Потом пришел… один человек и так укрепил… пугливую надежду, что все небо вновь засияло надо мною.

Этого человека звали Борис Вильде, и он несколько месяцев жил в мансарде в моем доме. Не помню, какой счастливый случай свел меня с ним в тридцатые годы. Он тогда искал место, и я горячо рекомендовал его профессору Риве, который возглавлял Музей человека. Риве сразу сумел оценить его блестящие способности. Вильде всегда держался настолько скромно и сдержанно, что я почти ничего о нем не знал и уж никак не мог предугадать, какую героическую роль он будет играть в Сопротивлении. Во всяком случае, наш разговор в тот поздний вечер, когда он явился ко мне, показался мне настолько важным, что я без колебаний решил познакомить его с Пьером Виено, который скрывался у моих соседей.
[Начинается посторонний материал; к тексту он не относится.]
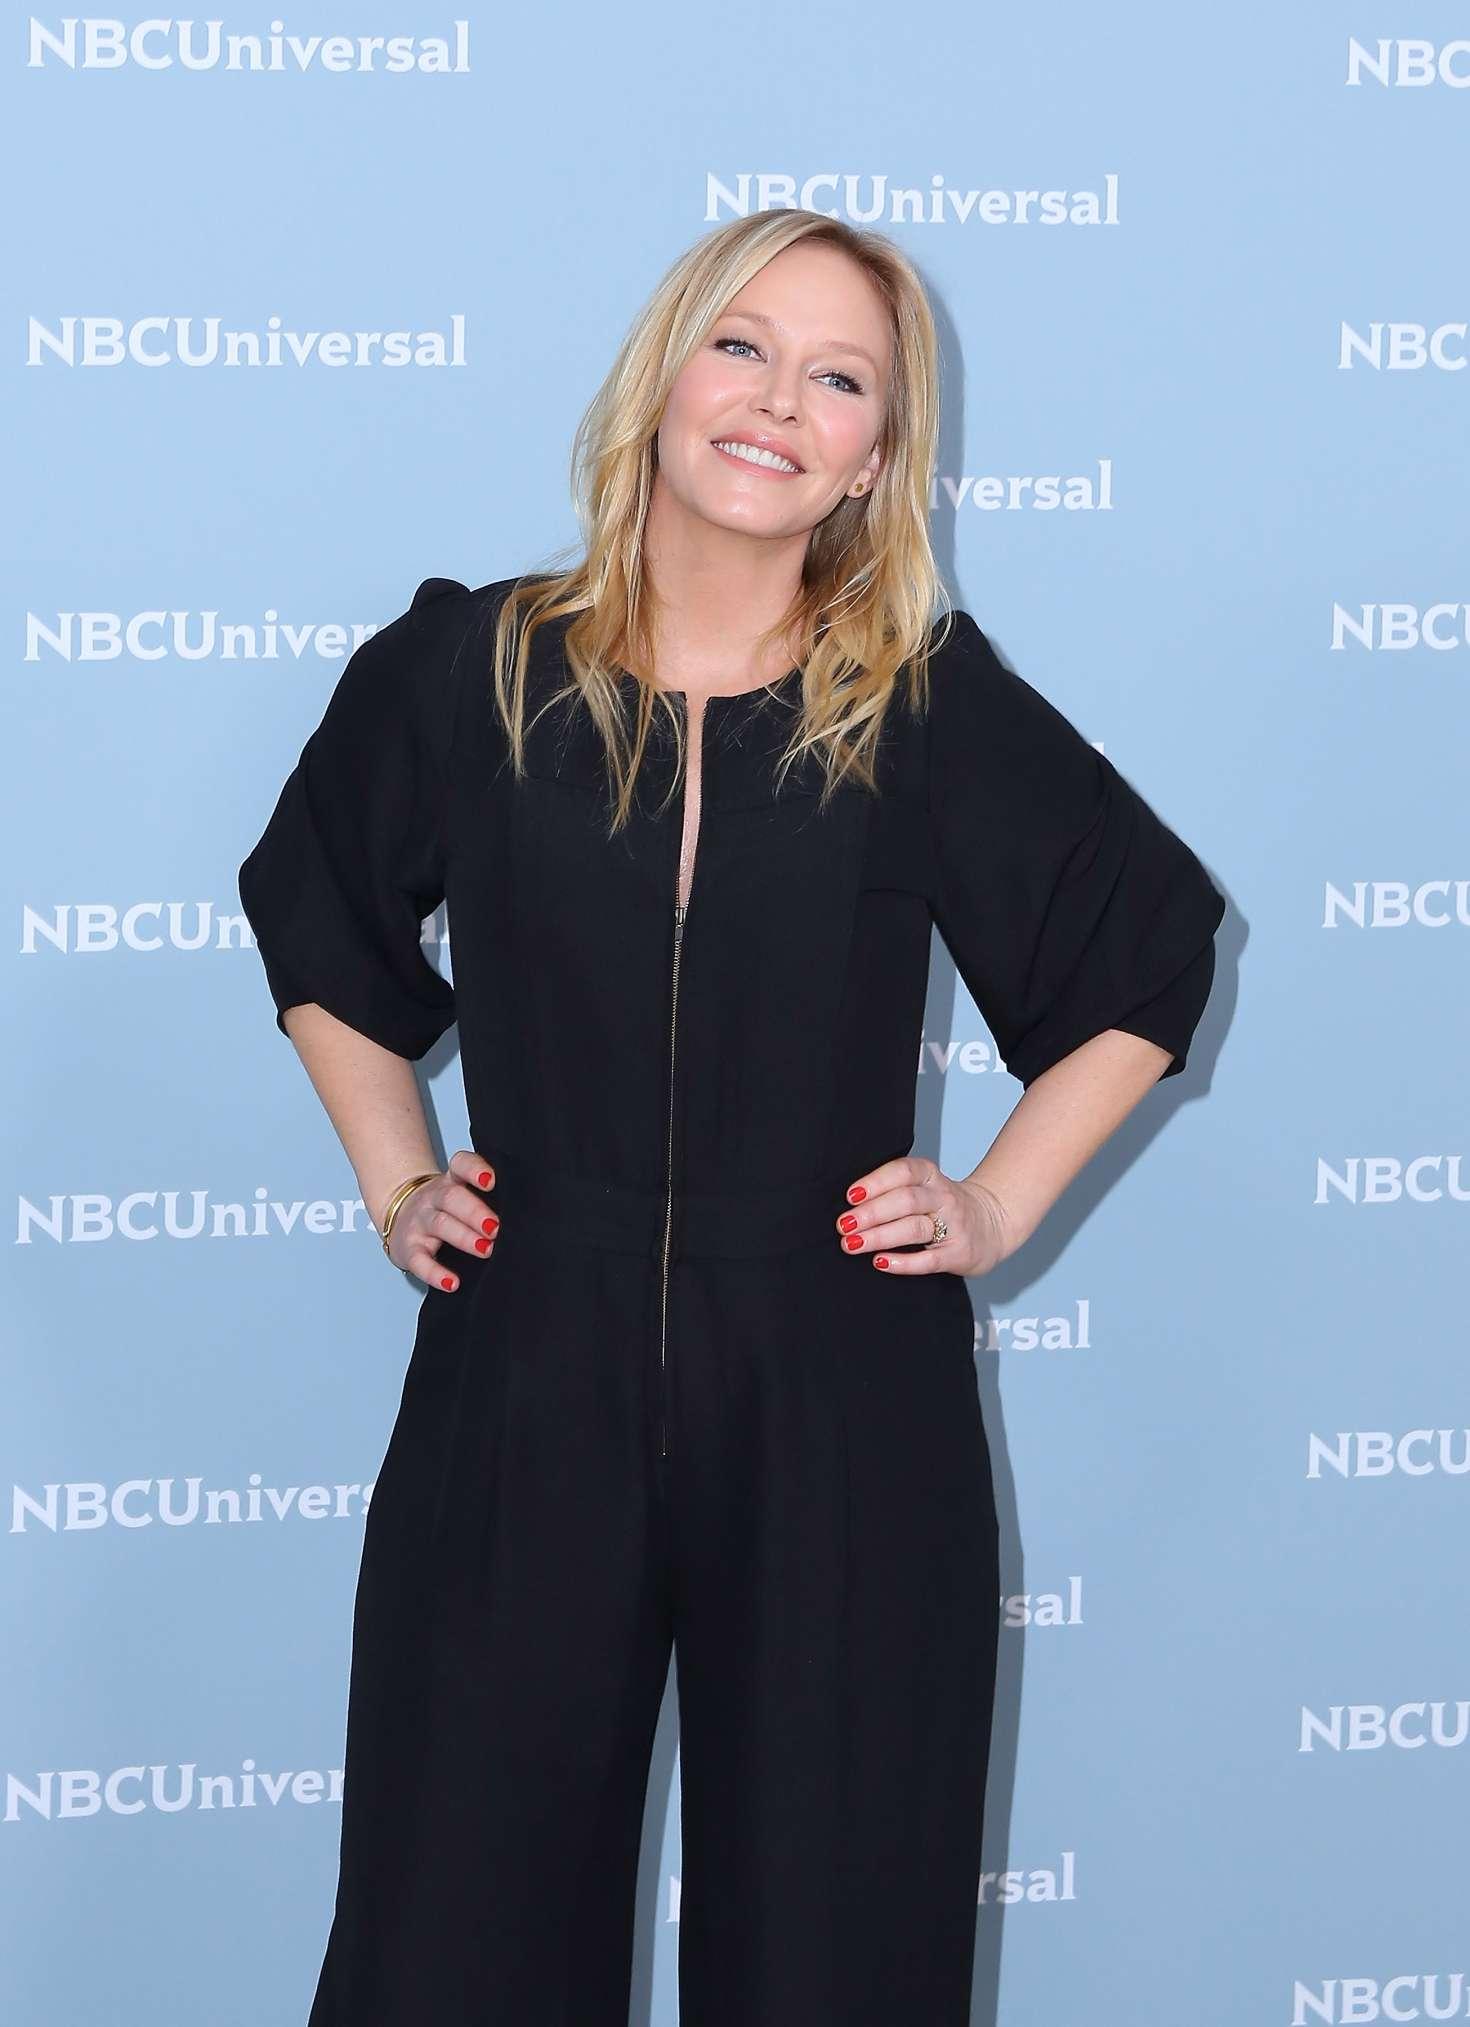 Kelli Giddish 2018 : Kelli Giddish: 2018 NBCUniversal Upfront Presentation -05

Я представил их друг другу и ушел, чтобы не мешать им, и они проговорили до самого утра.

Вскоре после этой встречи Вильде был предан и расстрелян. Я с глубоким уважением склоняю голову перед этим благороднейшим человеком. Все, кто его знал, до сих пор преклоняются перед этим мучеником…»

На протяжении семи месяцев Вильде выпускал газету, переходил в свободную зону и переводил других, выполнял различные поручения… У него были друзья и помощники. Больше всех он доверял Гаво, который всех и продал. Почти в каждом подполье бывает предатель…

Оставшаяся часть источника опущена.